Four layers form this architectural design: the Application layer, Transport layer, Internetwork layer and the Network Interface layer. The Internetwork layer is commonly used to describe TCP/IP. The TCP/IP stack maps closely to the OSI reference model in the lower layers (see Figure 1-4). The information used in TCP/IP is transferred in a sequence of datagrams.

Figure 4: OSI model and TCP/IP internetworking model

Application Layer

   This layer of the architectural model provides the functionality for users and programs. It also provides the services accessed by user applications to communicate over the network. It is the layer in which user-access network processes reside, including all the processes with which users interact directly. One of the most important responsibilities of the Application layer is to mange sessions (connections) between applications.

   Application protocols exists for file transfers, Telnet, World Wide Web, e-mail, remote login, and network management elements (SNMP).

Transport Layer

   The Transport layer provides host-to-host communications. It ensures end-to-end data integrity and provides a reasonably reliable communication service for network elements that want to carry out a two-way communication. This layer also handles flow control, retransmission, and other data management mechanisms. The TCP and UDP protocols reside at the Transport layer.

Internetwork Layer

   These days, the Internetwork layer is called simply Internet Protocol (IP). This layer provides the basic packet-delivery service for all TCP/IP networks. IP is an unreliable, connectionless, best-effort datagram service that does not guarantee packet delivery. If by chance packets are discarded (for whatever reason) the sender and receiver are not notified.

   At this layer, a logical systematic scheme for host addresses is used, commonly know as IP addresses. These addresses identify devices connected to the network. Furthermore, other autonomous networks in the world use this address implementation to communicate on the information superhighway. The Internetwork and higher layers use these IP addresses for routing functionality. IP addressing consists of a 4-byte or 32-bit addressing scheme with a dotted decimal notation (as in 141.142.153.25). The entire scheme comprises two parts: a network portion and a host portion (see Figure 1-5). The maximum number for each octet is 255; it contains all 1s. Usually the first and last octet are reserved for the network and broadcast addresses, respectively.

Figure 5: Internet address format

Figure 1-6 shows the three conventional Classes (A, B, and C), their address ranges, and local numbers; and gives an example of each addressing scheme. In addition to these addresses, there are special Class D addresses used for multicasting, and a Class E address used for experimenting. The following are the totals of local addresses for each class:

Class A range Û 1.0.0.0 to 126.0.0.0 Û Number of host addresses: 16,000,000
Class B range Û 128.0.0.0 to 191.255.0.0 Û Number of host addresses: 64,000
Class C range Û 192.0.0.0 to 233.255.255.0 Û Number of host addresses: 254

Figure 6: Conventional address classes

Network Interface Layer

The Network Interface layer is responsible for getting data across the physical network (Ethernet, Token Ring, etc.). IP datagrams are encapsulated into frames at this layer. Mapping of an IP address to a physical address (MAC) is also performed by this TCP/IP layer. Once information is received from the peer layer (Internetwork), the Network Interface layer is then responsible for routing and adding its necessary routing information to the data (frame headers). The protocols at this layer perform three important functions:

They define how to use the network to transmit frames across a physical connection.
They exchange data between the computer and the physical network.
They deliver data between two end-stations on the same LAN segment, by using the physical addresses of the end nodes.

Novell IPX

The Novell NetWare Internetwork Packet Exchange (IPX) protocol was derived from the early Xerox Network Systems (XNS) Internet Transport Protocols. The XNS protocol suite is comparable to the TCP/IP protocol suite. Novell IPX utilizes a connectionless datagram protocol. IPX is NetWare’s network layer service, and provides addressing as well as routing capabilities.
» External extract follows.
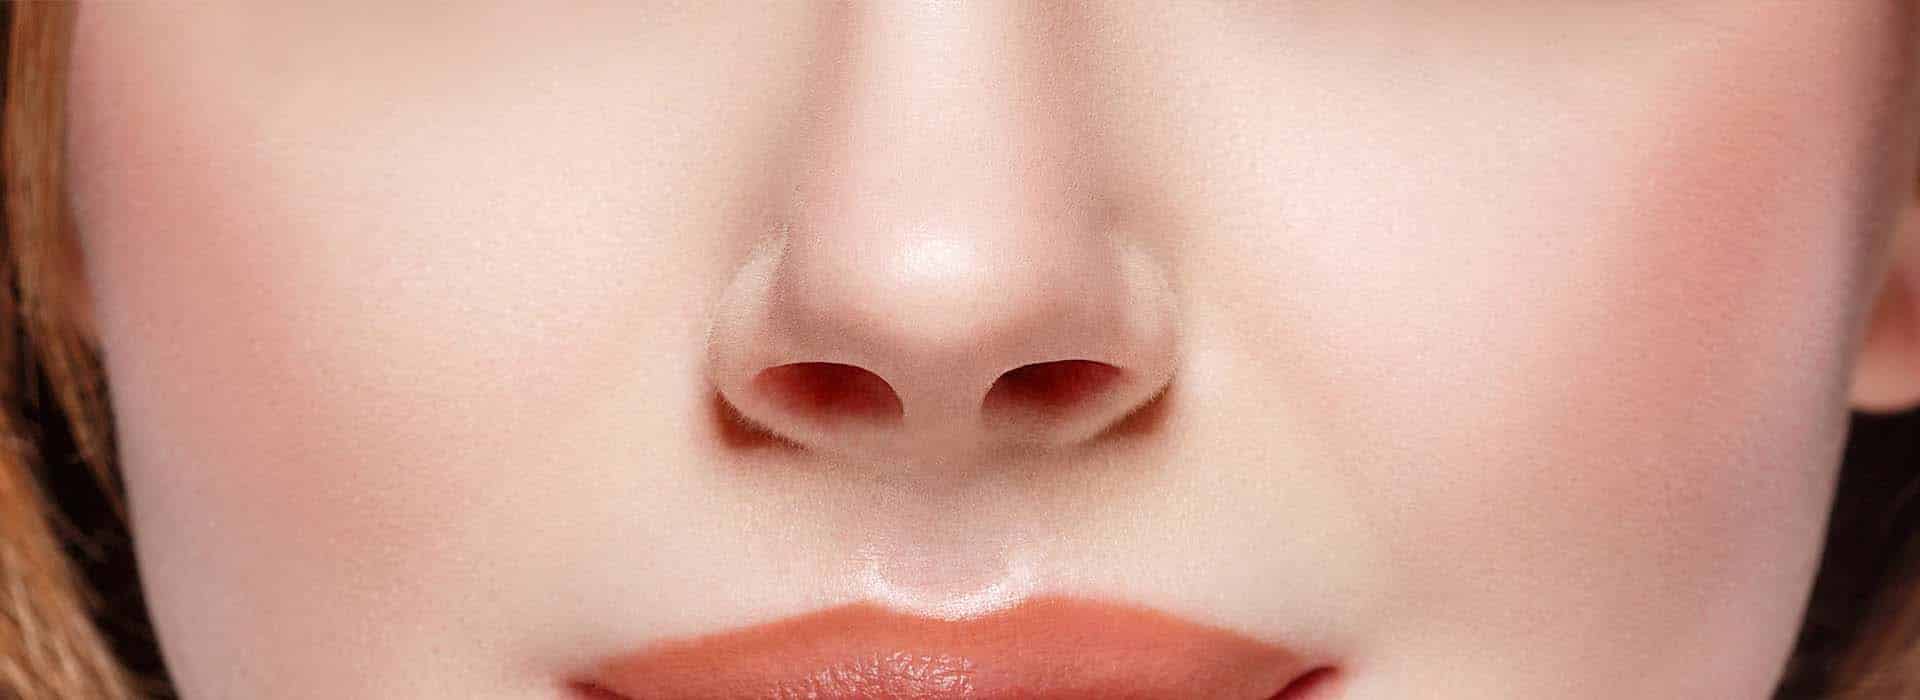 Orificio de la nariz: ¿Qué problemática puede presentar?

Internetwork Packet Exchange (IPX) transmits each data unit as an independent entity without establishing a logical connection between the two end-stations. This protocol uses the IEEE 802.3 frame format without the LLC layer.
Sequence Packet Exchange (SPX) protocol is a connection-oriented protocol used for reliable peer-to-peer (client server) communications based on the XNS Sequence Packet Protocol. SPX is reliable, guaranteeing sequenced packet delivery.
NetWare Core Protocol (NCP) is Novell’s upper-layer protocol for connection-oriented transmissions. This protocol provides the framework that facilitates interaction between workstations and servers (client/server relationship).

   The devices on an IPX network use Service Advertisement Protocol (SAP) to advertise NetWare services and addresses. SAP advertisements make service available dynamically. Depending on SAP implementation in an IPX network, SAP broadcast can be propagated every 60 seconds; however, you can increase this window to effectively manage SAP broadcasts.
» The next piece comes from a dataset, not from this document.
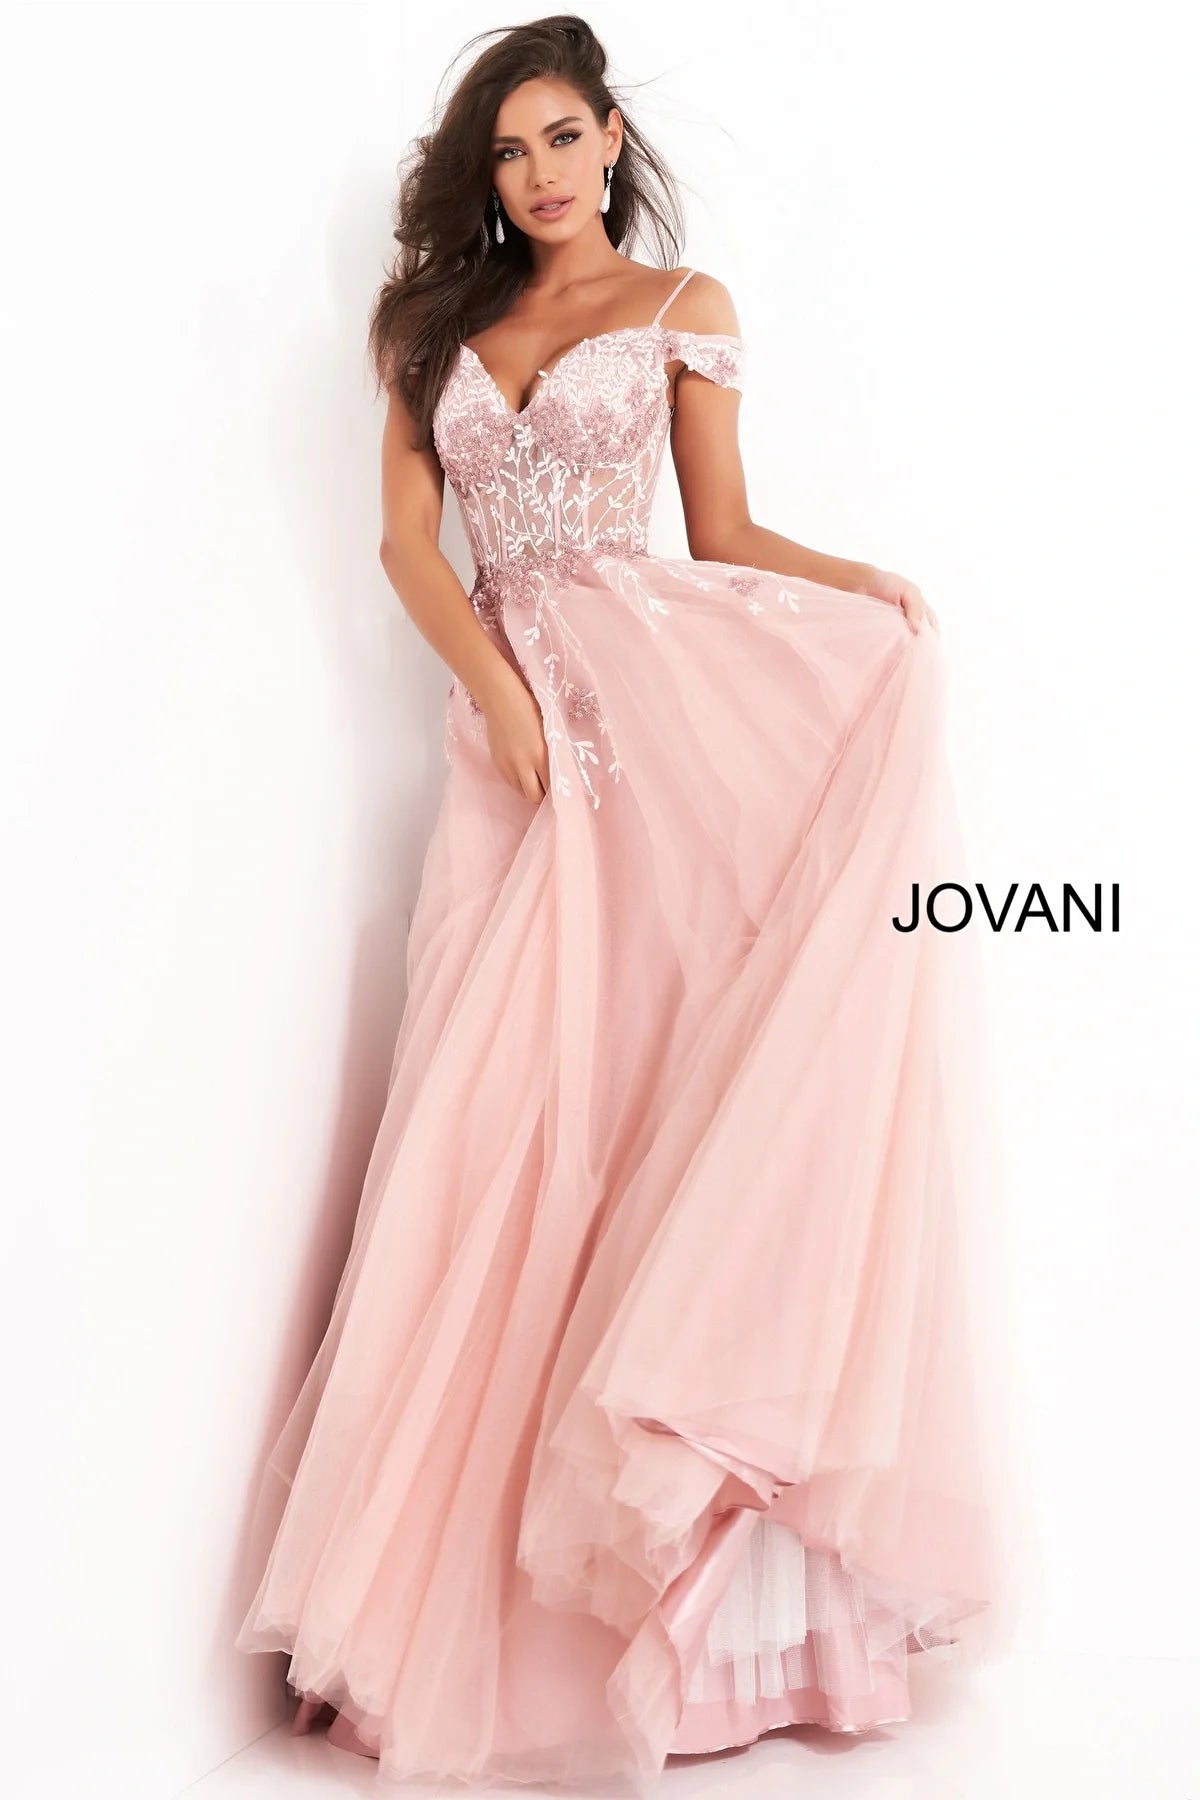 Jovani 02022 Off the Shoulder Embellished Evening Dress

   In the IPX world, the node number and the network number define the network address, expressed in the network.node format. The network number is a 4-byte (32-bit) number that identifies a physical network. Each physical chuck of wire is required to have a single network number, which is the same number that you bind when a file server is configured. In an IPX implementation, Novell servers are inherently routers; therefore, the network number is contained and advertised from the file server.

   The node number identifies a node on the network as shown in Figures 1-7 and 1-8. The node number is a 48-bit MAC layer address of the physical interface.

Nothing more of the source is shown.